I saw them on TV, and from that day on, the song went round and round in my head. I decided to buy their cassette, but kids back then didn’t have their own pocket money. I’d heard of the term “an allowance,” but believe me, in socialist countries something like that was just a myth because it was unthinkable for a kid to possess money. We were given no more than a bit of loose change to buy some chewing gum or a soft drink. Asking my father for money seemed out of the question. So I decided to skimp on the chewing gum for a few weeks and try to save up the money that way.
I stood at the counter of the cassette shop with the money in my hand. When they handed me the cassette, I felt as if they were giving me the Holy Grail. The cover depicted the band members leaving planet Earth, and to me it seemed as if they were flying directly into my mind. The cassette player resounded with unprecedented force, fueling dreams within me of something bigger and grander. I replayed the first song over and over again and . . . that afternoon, while sitting in my father’s room that was his private world—so remote and inaccessible—I saw it as conquering new territories of the mind, my own personal “Final Countdown,” a dream of togetherness, unity, and mutual understanding, something that eluded not only the two of us, but the whole country as well.
But the world kept going, the clock was counting down: 10, 9, 8 . . . we were getting ready.

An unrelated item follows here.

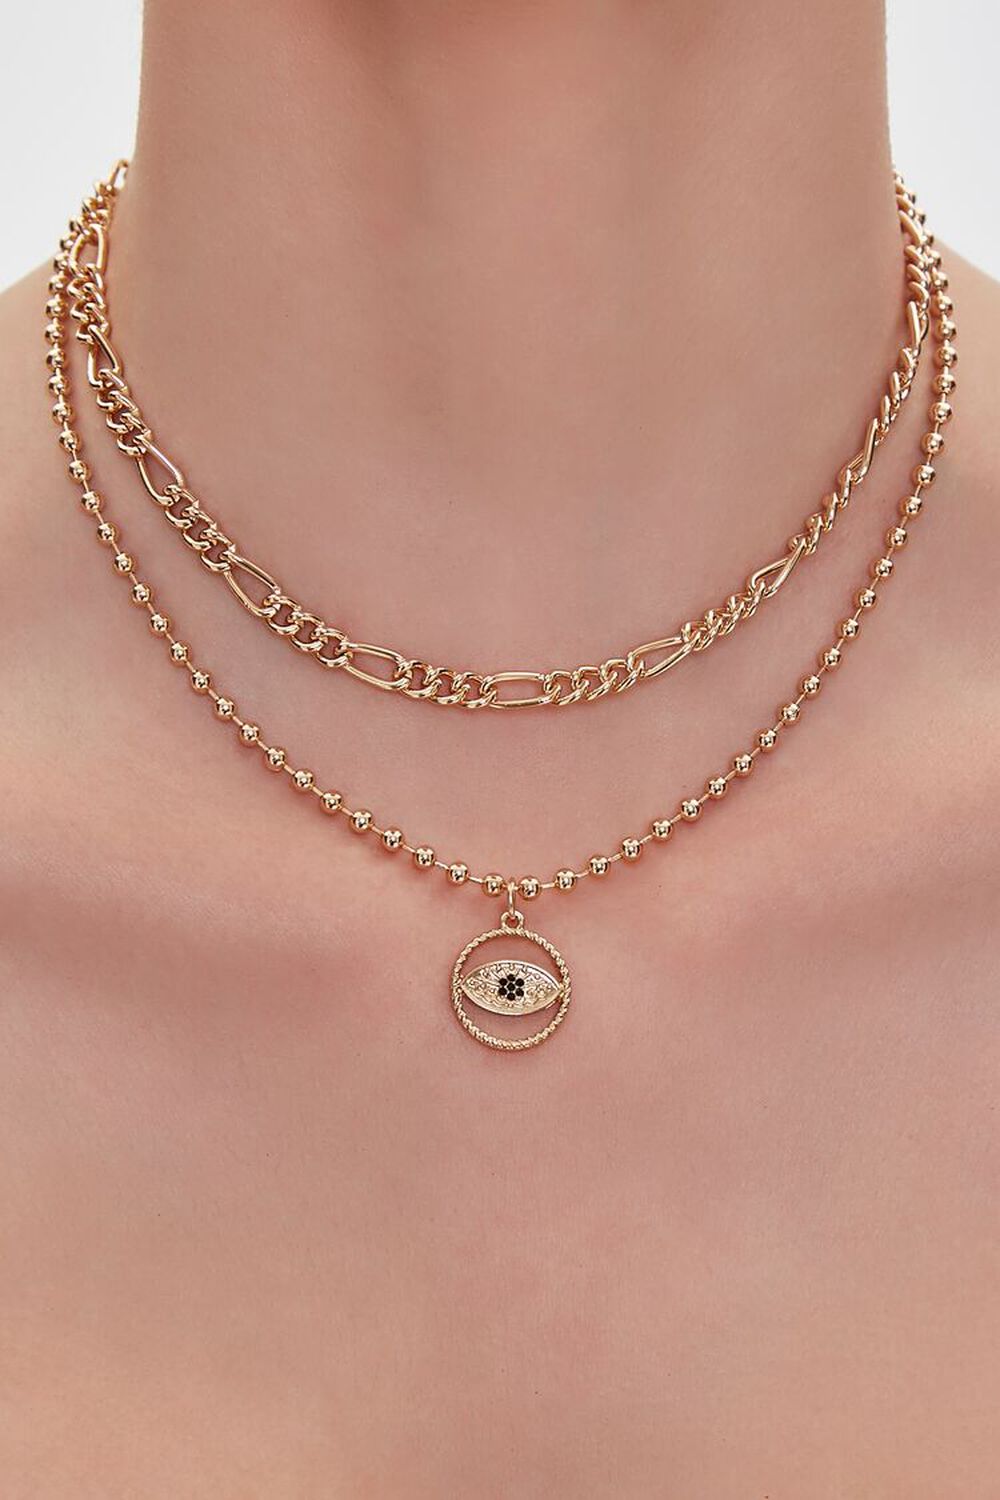 GOLD Eye Charm Layered Necklace, image 1
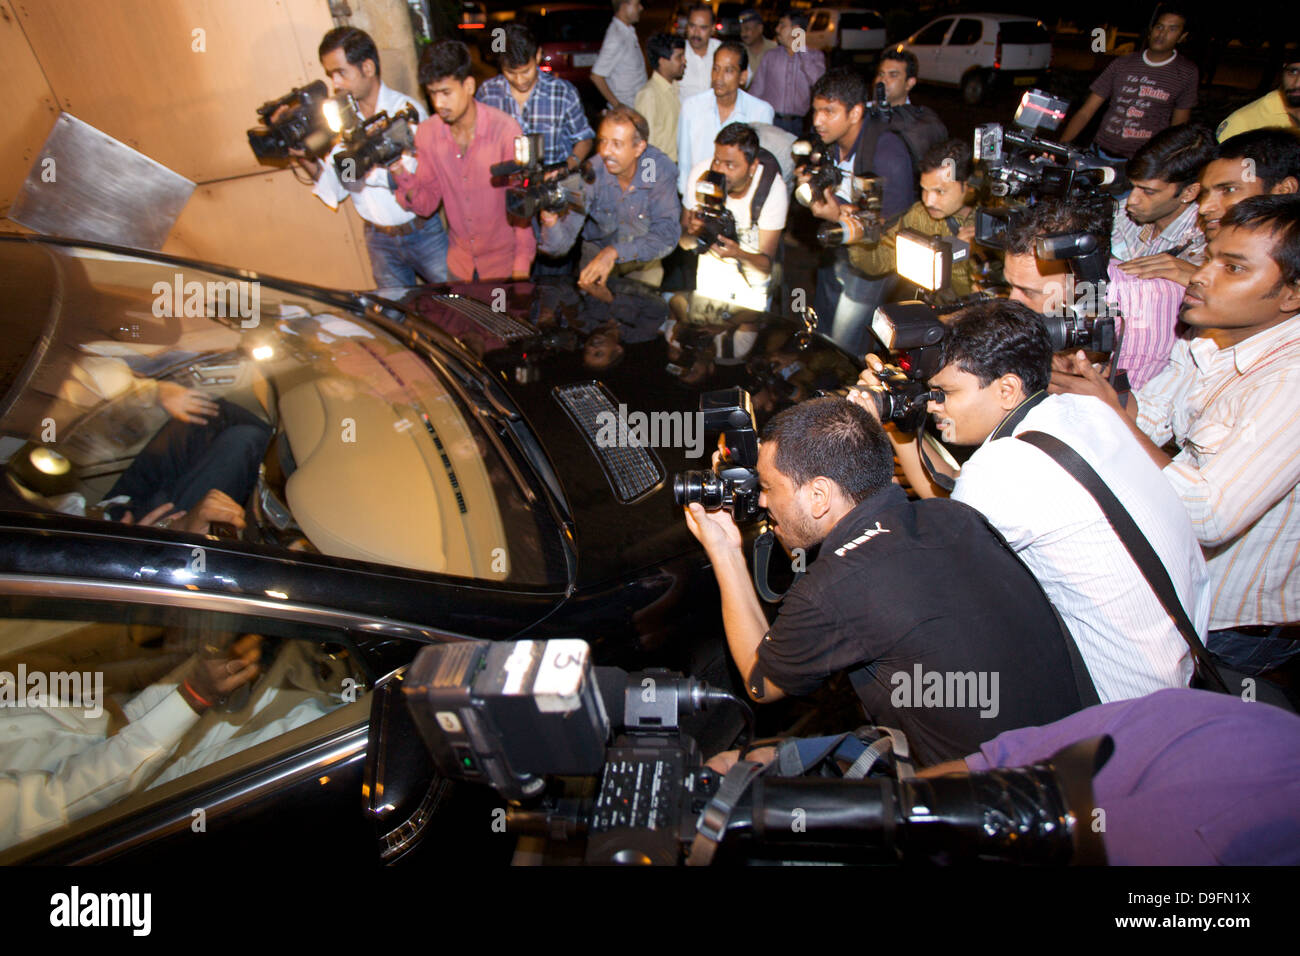 Paparazzi ambushing la vettura di una stella di Bollywood in Mumbai, India. Foto Stock

“What do you need this for?” my mother asked me upon discovering a switchblade in my backpack.
“For self-defense. Everyone in our group’s got one,” I replied, puzzled, as if she had asked me why I needed a soccer ball or a bicycle.
“This is dangerous,” she said, and to this day I’m not sure how she managed to hide that switchblade without my knowing, stashing it somewhere I never found it again.
. . . 7, 6, 5, 4 . . . we got into the car. My sister and I sat in the backseat that was covered with the obligatory bed sheet as was customary on the long journey to the coast.
. . . 3, 2, 1 . . . we set off for the coast! My mother couldn’t keep her eyes off me. I was embarrassed, but I knew how much our first summer spent together since I was three meant to her, the first vacation my father agreed we could go on together.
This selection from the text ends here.